RECORDED DATA
──────────────────────────────

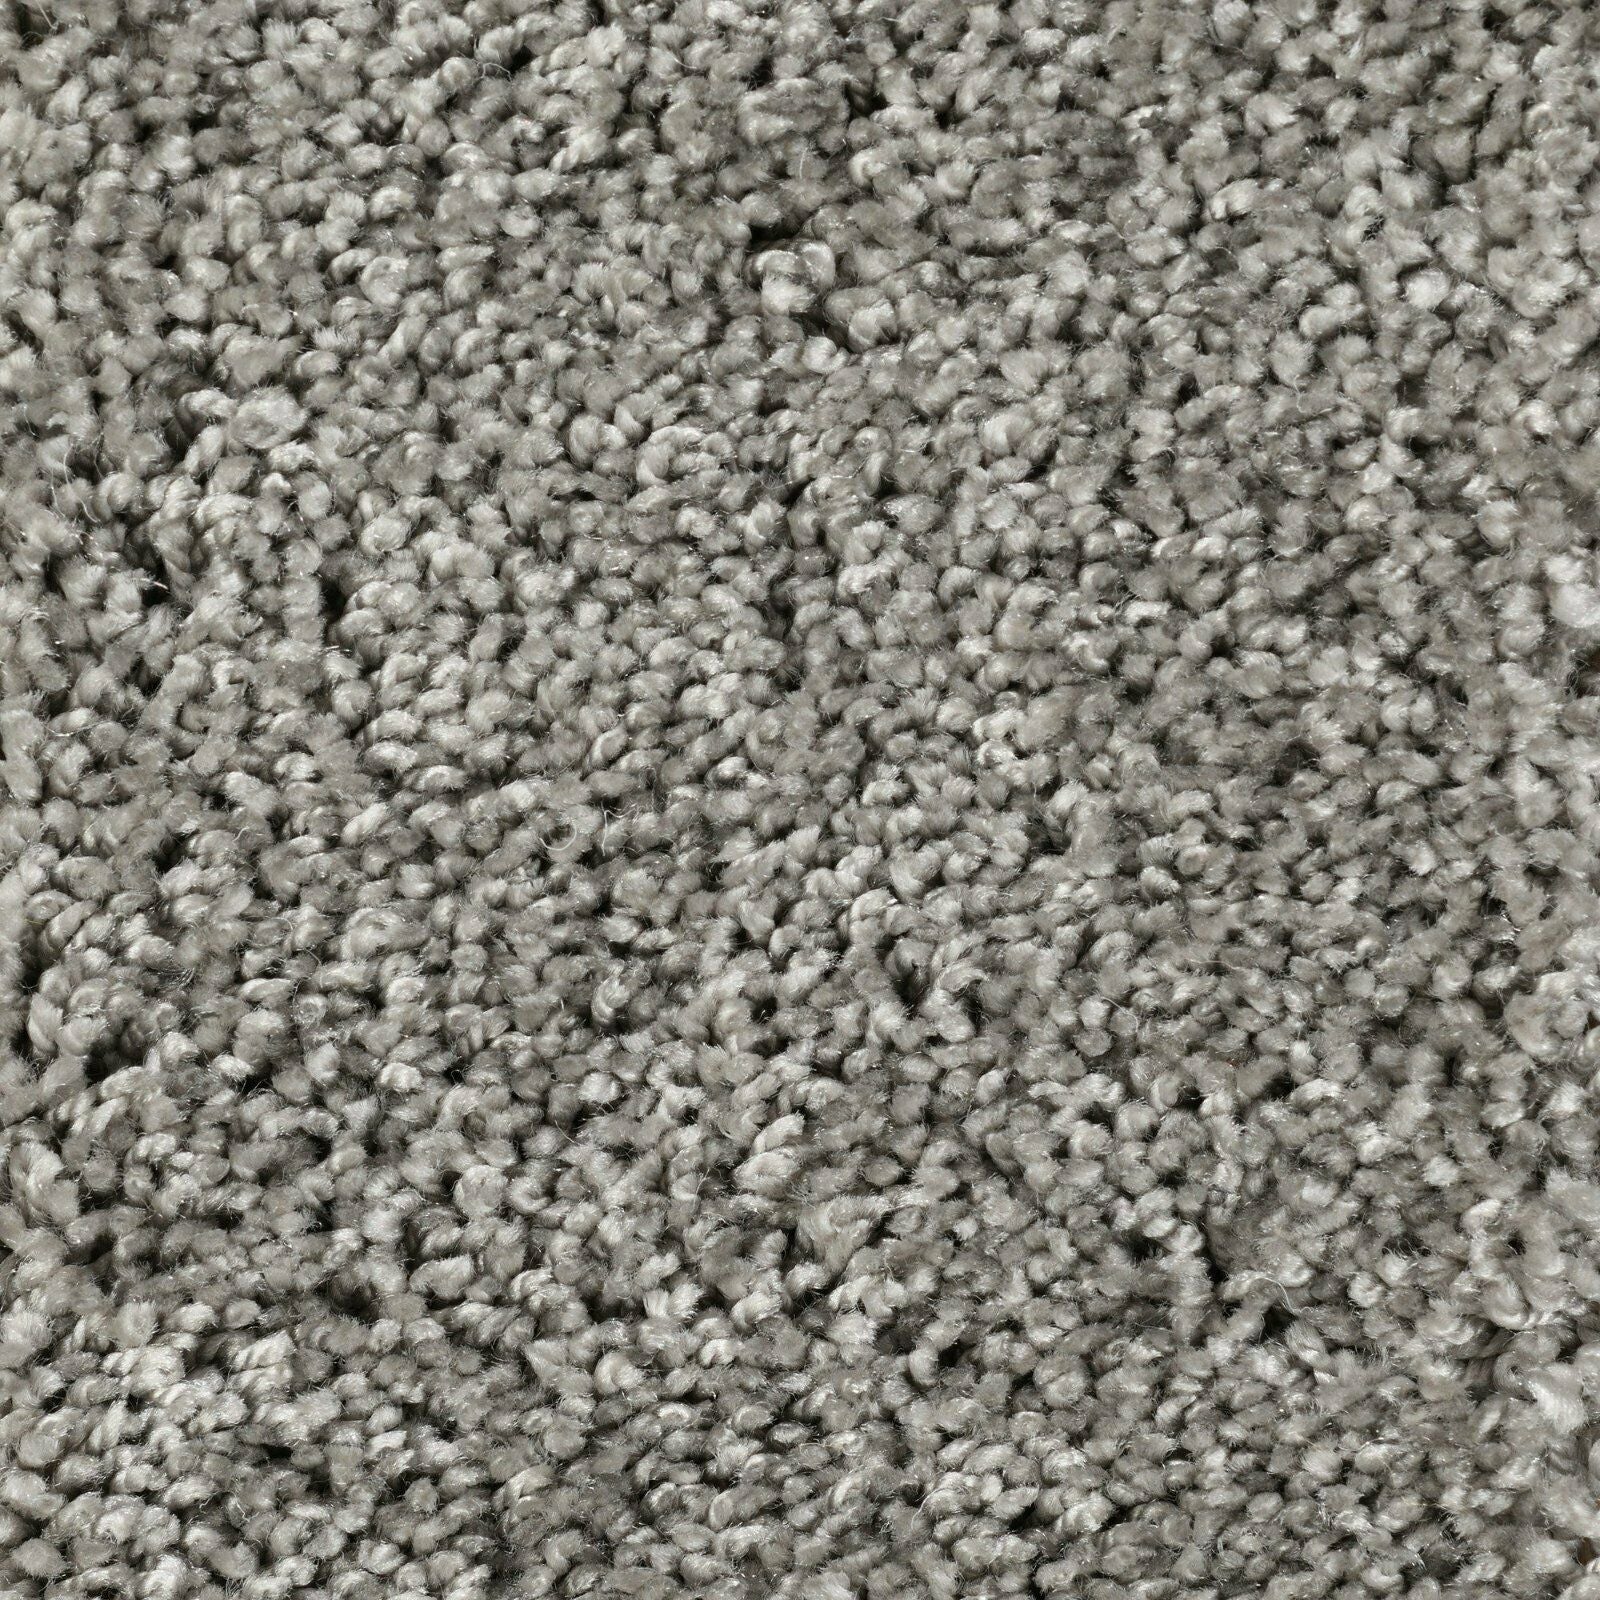  RUGMRZ Teppiche, Dämm- & Schutzmatten 50 x 70 cm Niedriger Samt  Teppich graugrün Minimalist isches Design Moderne Wohnzimmer Dekoration  rutsch fest Teppich Für Esszimmer
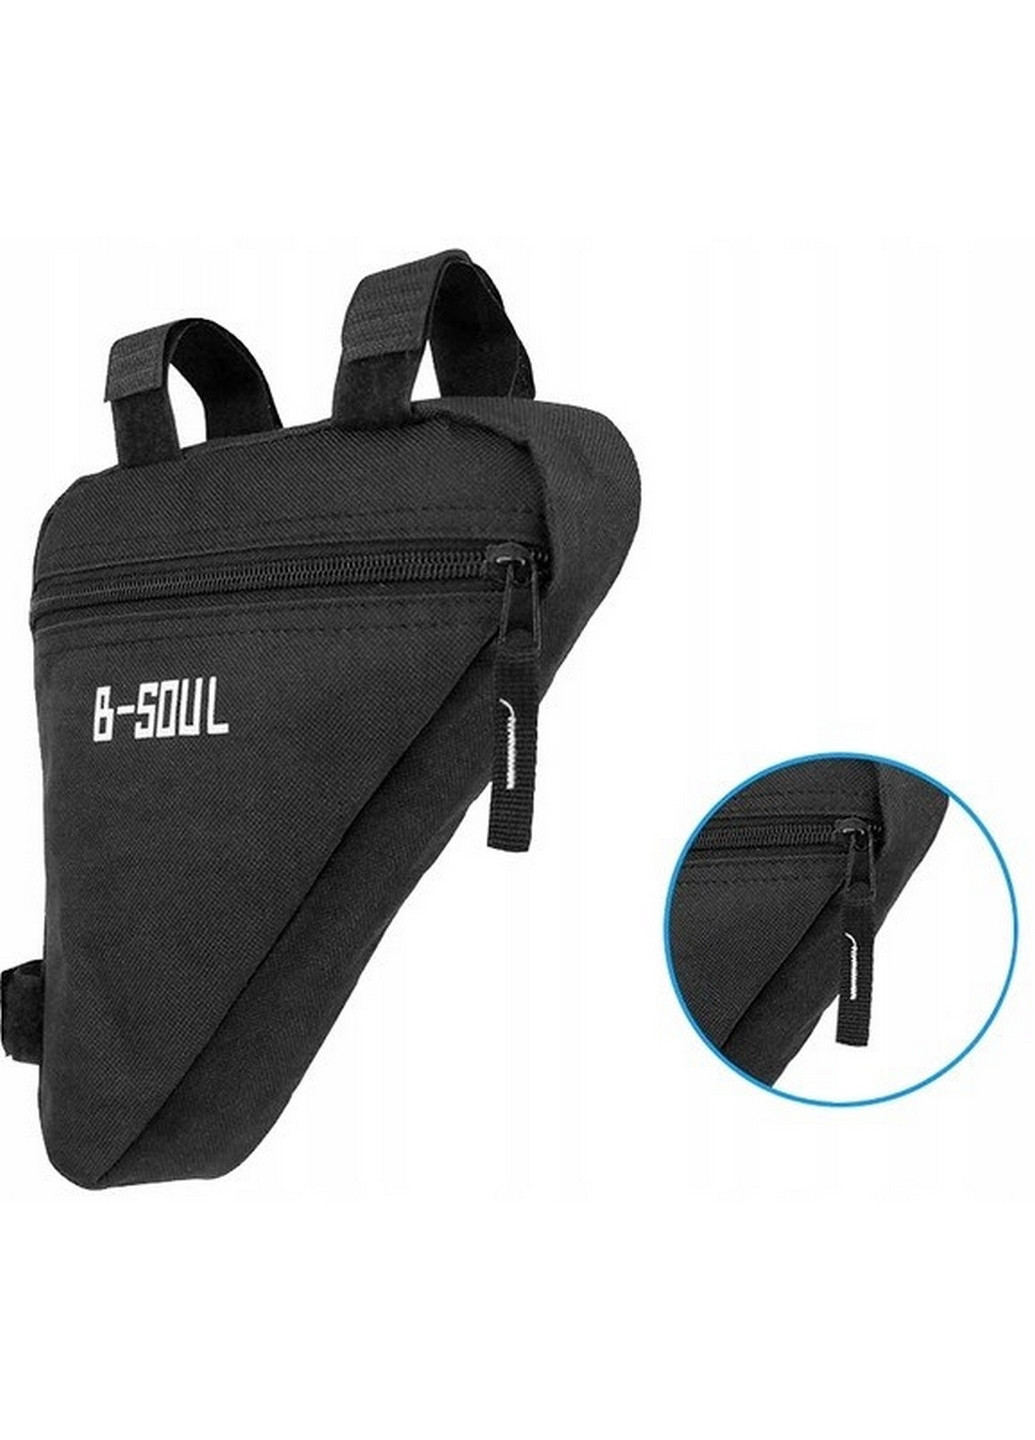 Велосипедна сумка на раму 1L 19x18x4см B-Soul (260496945)
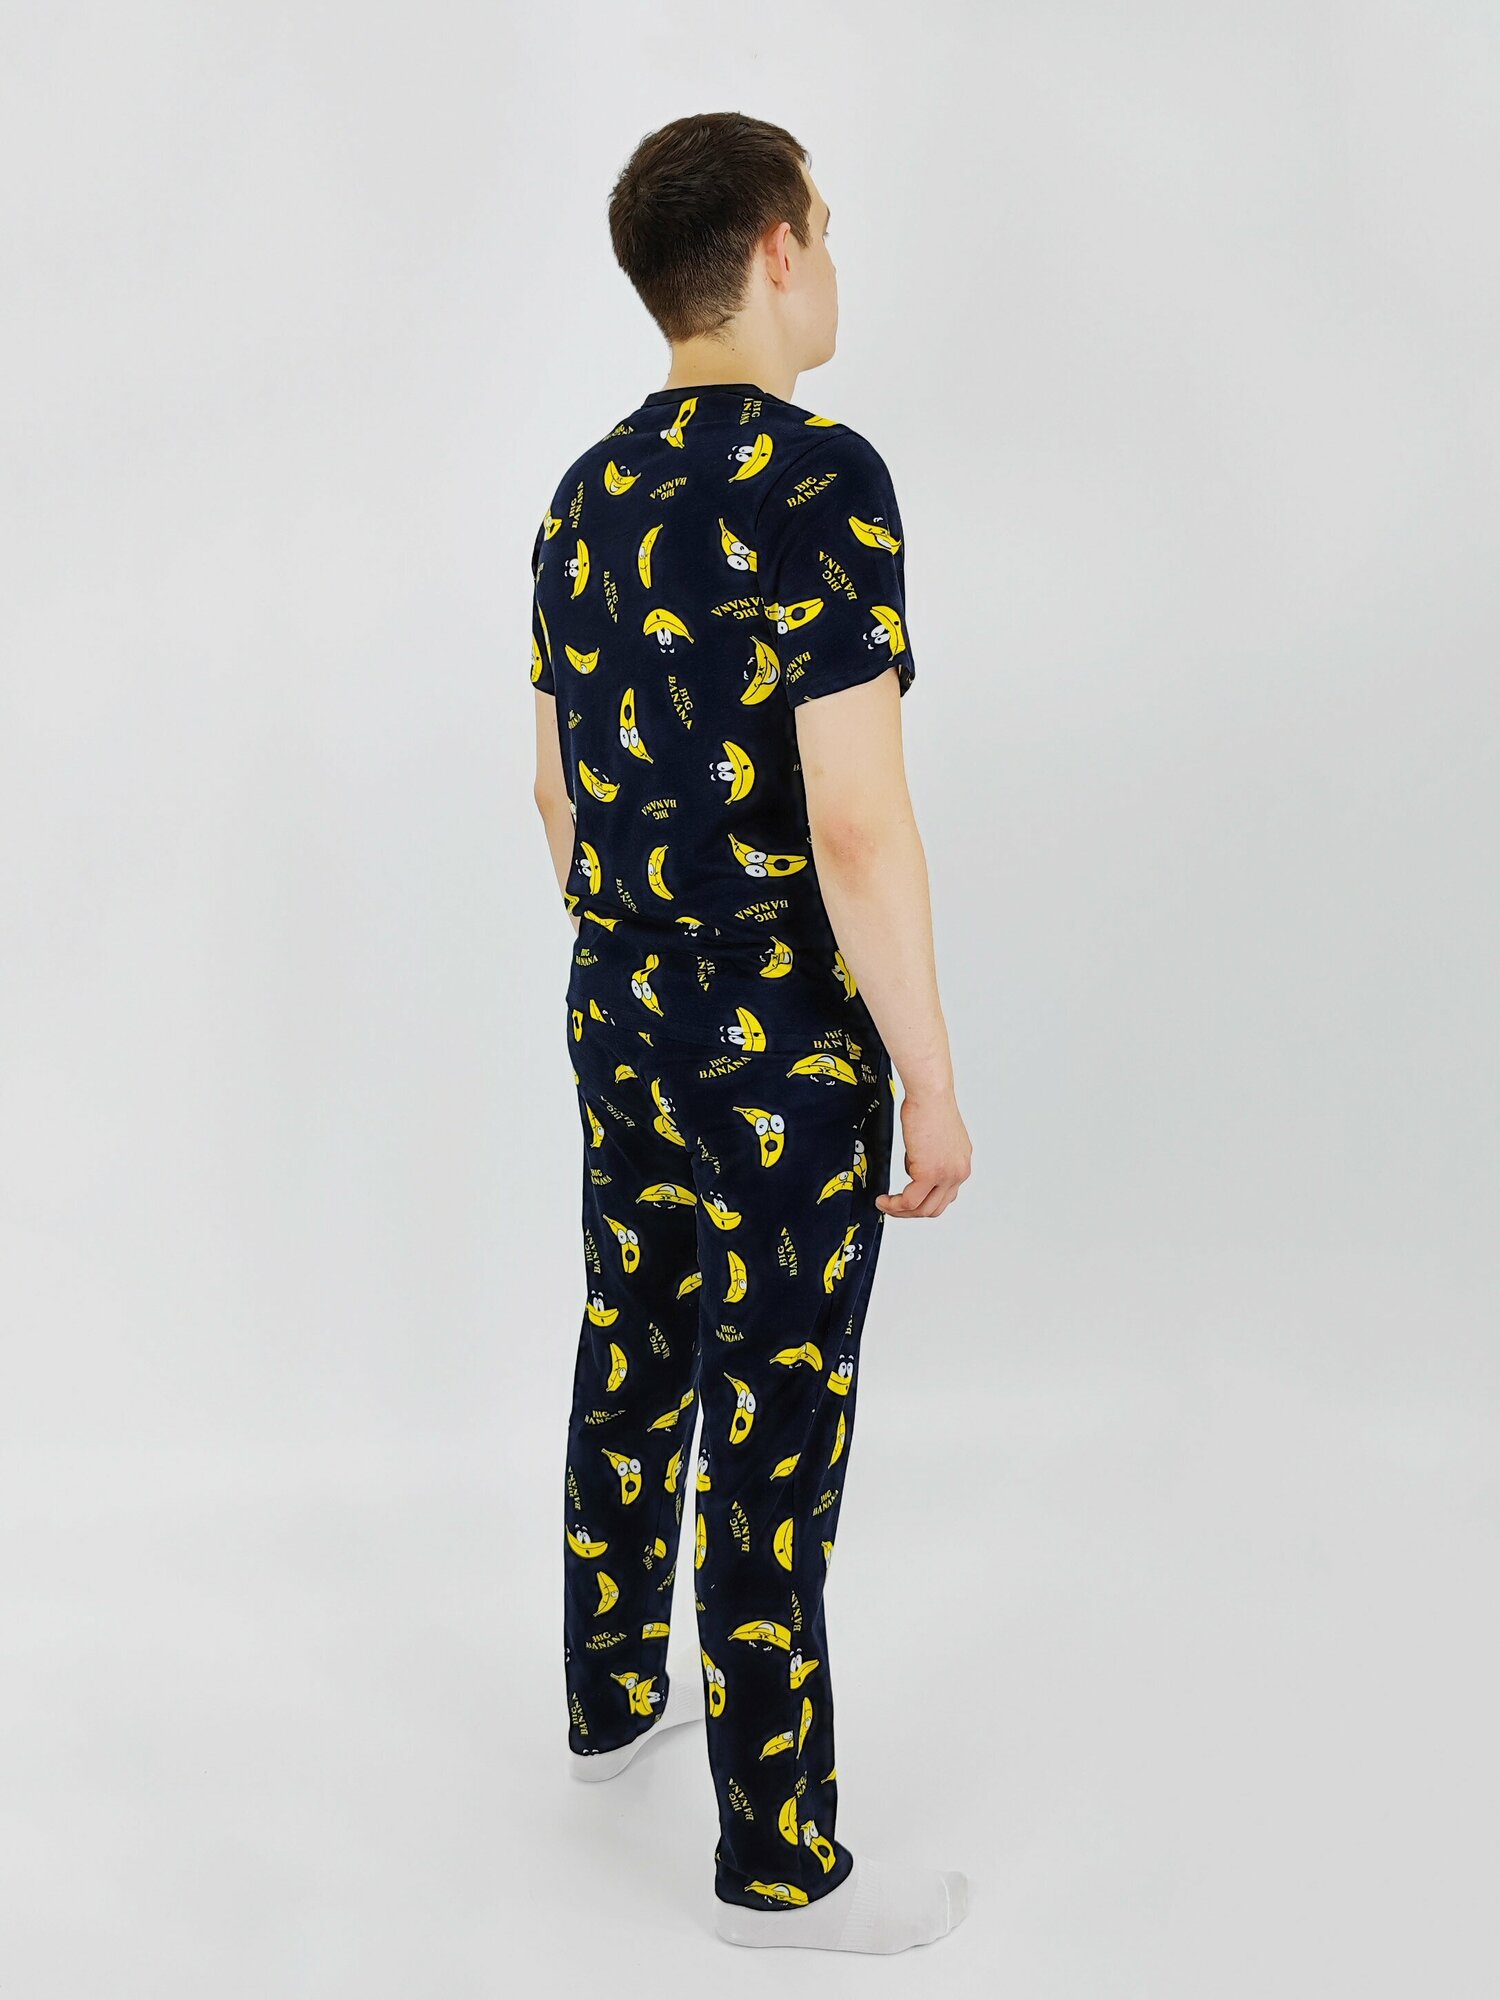 Мужская пижама, мужской пижамный комплект ARISTARHOV, Футболка + Брюки, Бананчик, синий желтый, размер 54 - фотография № 3

──────────────────────────────

BRIEF
Take the lines from the one holding "Велосипедна сумка на" through the last line of the data above and copy them exactly, both ends included, omitting all pictures.

ANSWER SPACE
 Велосипедна сумка на раму 1L 19x18x4см B-Soul (260496945)
 Мужская пижама, мужской пижамный комплект ARISTARHOV, Футболка + Брюки, Бананчик, синий желтый, размер 54 - фотография № 3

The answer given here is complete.